Malaysians are witnessing the Prime Minister, Datuk Seri Najib Razak, performing one of his biggest flip-flops in his 18 months at the helm of the country’s administration.

Najib’s attempt to distance or disentangle Umno from Perkasa did not last more than a week from the announcement of the Umno Secretary-General that Perkasa was eroding non-Malay support for Barisan Nasional to Najib’s Malaysia Day message expressing sadness at the rise of extremism in his 18 months as Prime Minister.

Most ironically, Najib chose the Yayasan 1Malaysia seminar themed “Living In a Multi-Ethnic Society” in Kuala Lumpur after the Malaysia Day celebrations in Sabah to perform the flip-flop – refusing to name Perkasa as the worst culprit responsible for the rise of extremism and scaring away foreign investors.

This is now followed by Tengku Adnan’s flip-flop today denying that the Barisan Nasional parties had agreed to keep a distance from Perkasa.

If Barisan Nasional parties had never agreed top keep a distance from Perkasa, are MCA and Gerakan national leaders to “eat their words” for publicly welcoming such a decision?

Just as an example, Bernama had on Sept. 11 quoted Gerakan President and Minister for 1Malaysia, Tan Sri Dr.

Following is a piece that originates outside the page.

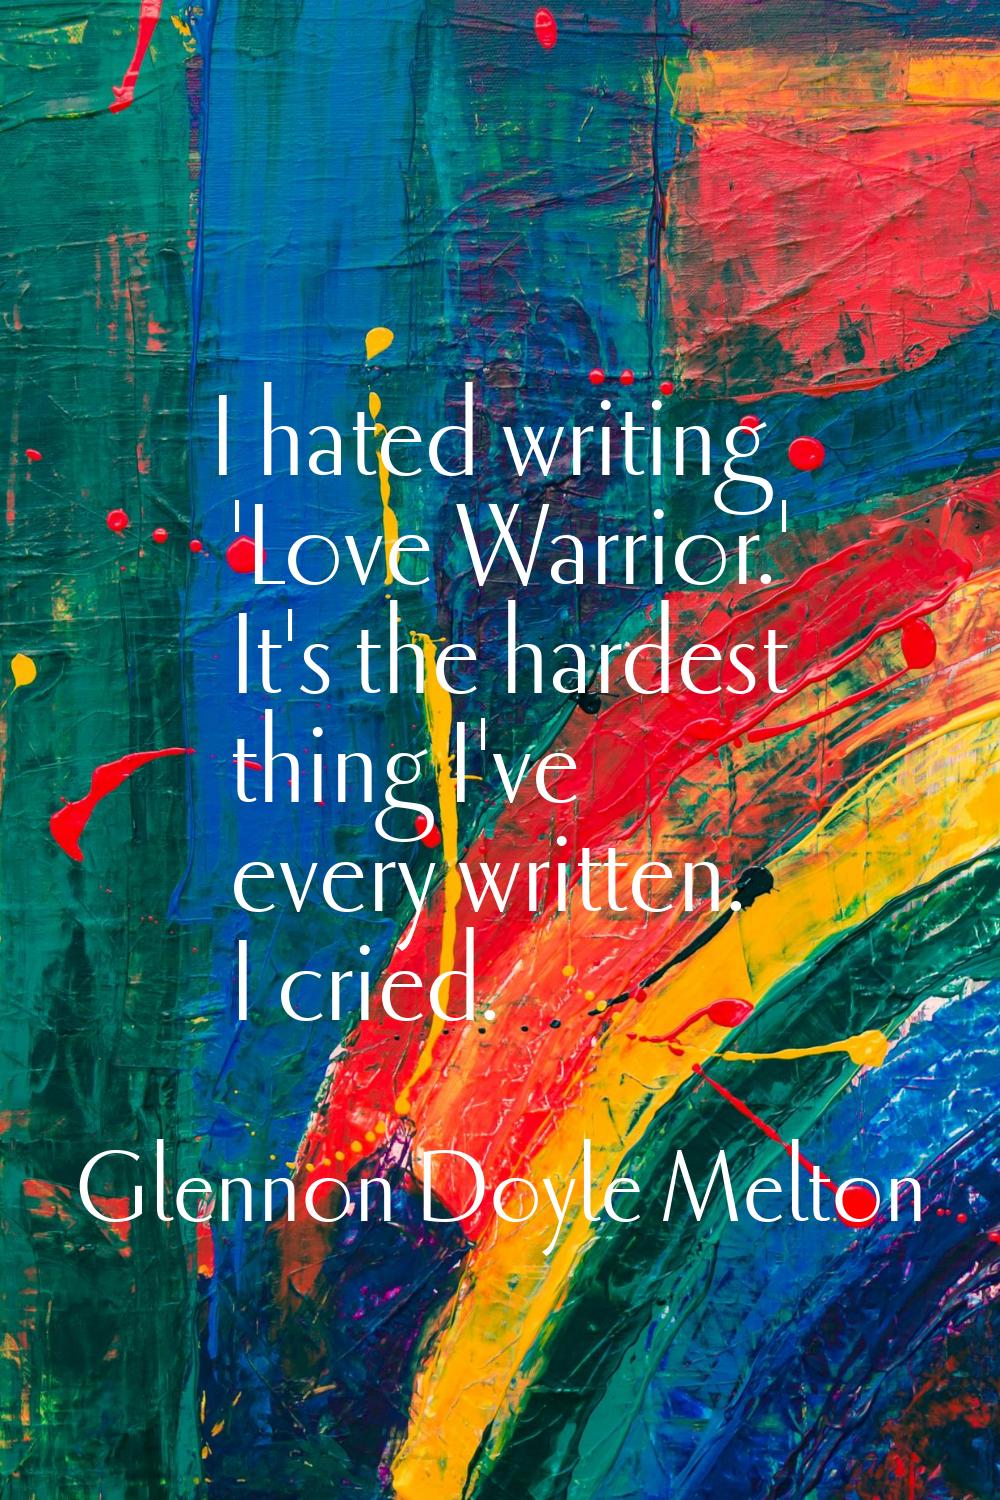 I hated writing 'Love Warrior.' It's the hardest thing I've every written. I cried.
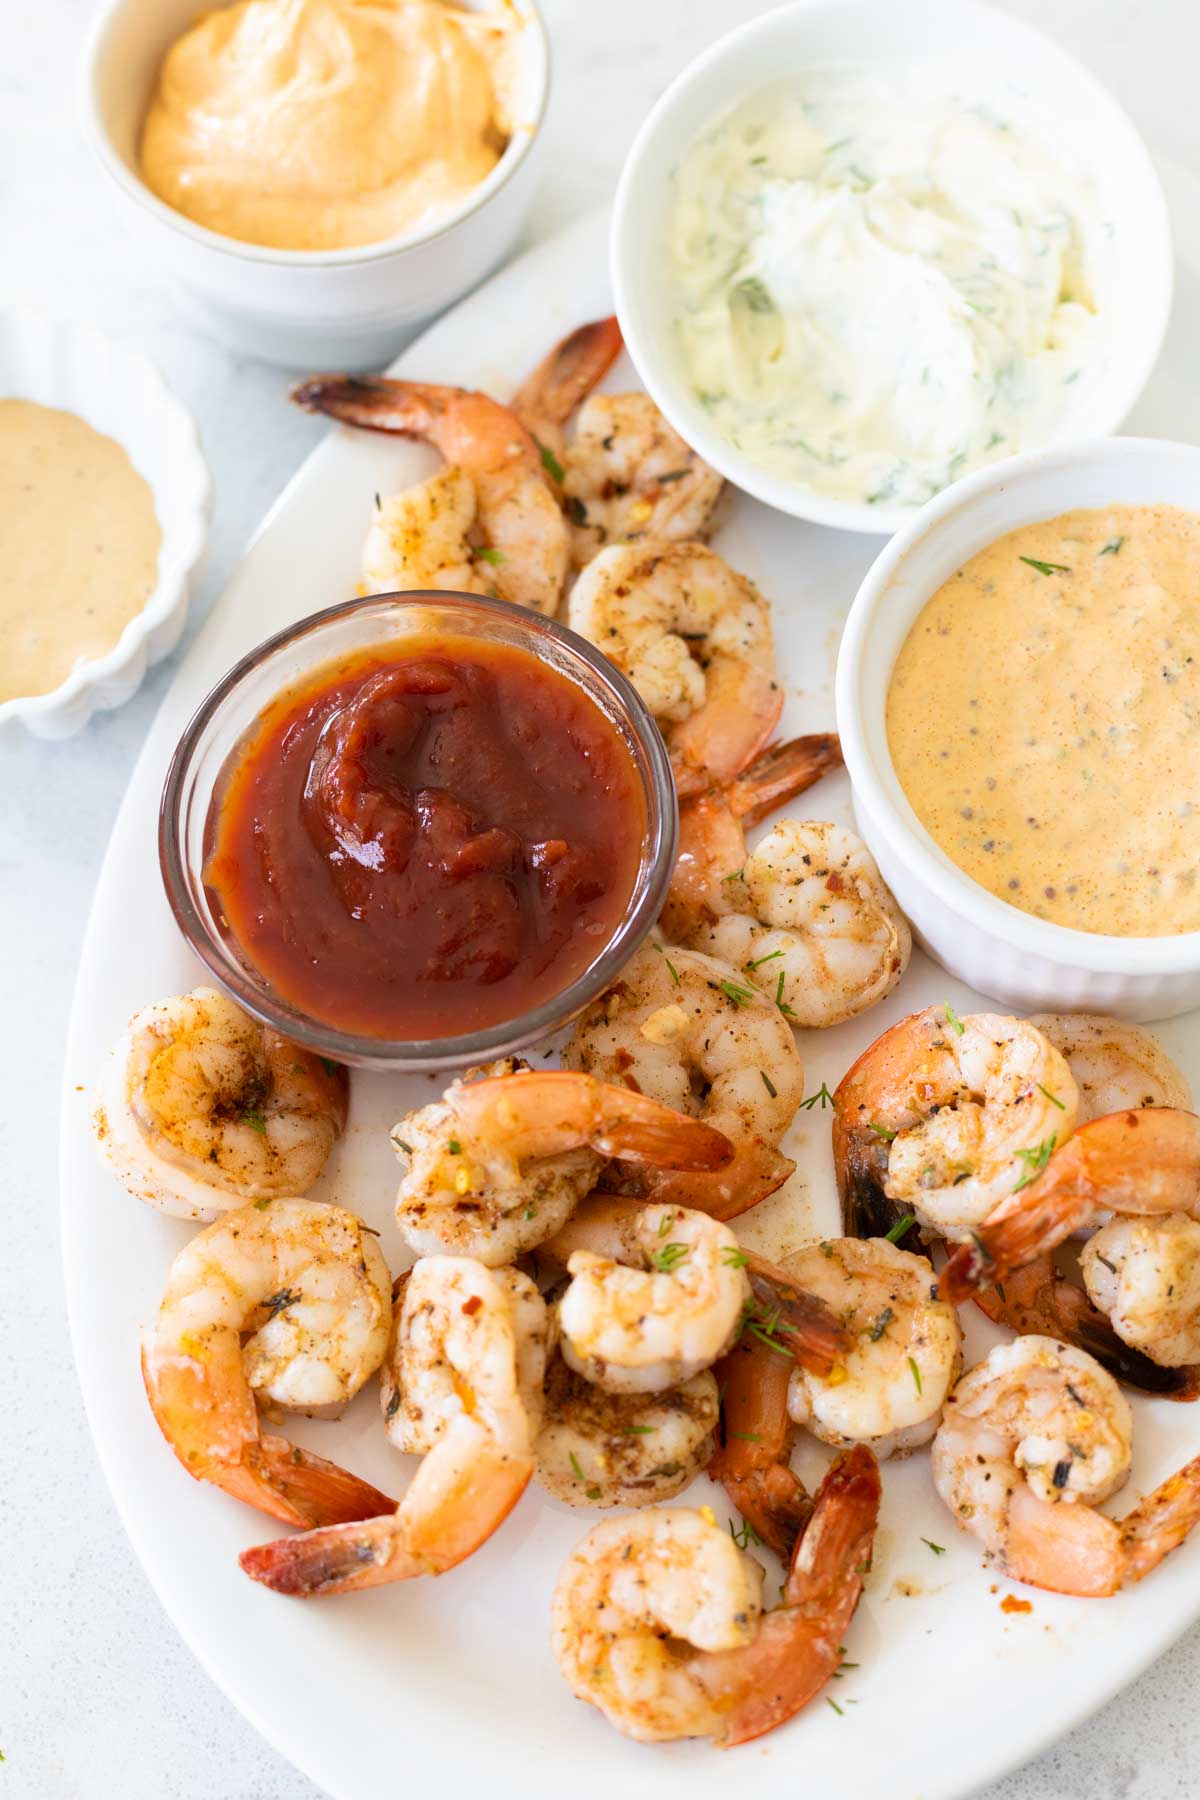 A platter of shrimp has several cups of dip on the platter.

Koh Tsu Koon hailing Umno’s move to distance from Perkasa as reflecting “the liberal and moderate stand of Barisan Nasional component parties towards all races”.

What has Tsu Koon got to say with the backtracking by Tengku Adnan and denial that there is going to be any such Umno distancing or disentangling from Perkasa?

Yesterday, Tsu Koon said “all quarters should work together in making the 1 Malaysia concept and the Government Transformation Programme (GTP) a success instead of creating controversial issues which will not do any good to the country’s development”.

Just like the Prime Minister, Tsu Koon as the 1Malaysia Minister dare not take the bull by the horns and draw a line in the sand against the rise of racial bigotry and religious extremism mostly emanating from Umno and allied or outsourced organizations.

Najib, Tsu Koon and all the Barisan Nasional leaders should not be under any illusion and must realize that the failure of the Prime Minister and the Cabinet to stand up and be counted to condemn extremism and extremists especially from his UMNO and allied or outsourced organisations will be the undoing of Najib’s 1Malaysia concept.

On September 10, I was in Shanghai for the World Expo together with Perak DAP State Assemblymen Thomas Su (Pasir Pinji) and Wong Kah Woh (Canning) and what was most impressive was the single-mindedness, unity of purpose and dynamism of the Chinese to take the spectacular achievements of the Chinese economy to a new height, surging past the Japanese economy to be the world’s second economic power to overtake that of the United States in the next two to three decades.

What concerned the Chinese was how China could compete internationally in contrast to the obsessive pre-occupation in Malaysia, which is the competition between bumiputras and non-bumiputras, Malays vs non-Malays regardless of how detrimental this is to the larger national and global challenge of Malaysia competing with the rest of the world and becoming an inclusive and sustainable high-income developed nation by 2020.

I met Malaysians who are working in China who are highly skilled, most talented and top professionals. I understand that the Malaysian diaspora in China is in the region of 100,000.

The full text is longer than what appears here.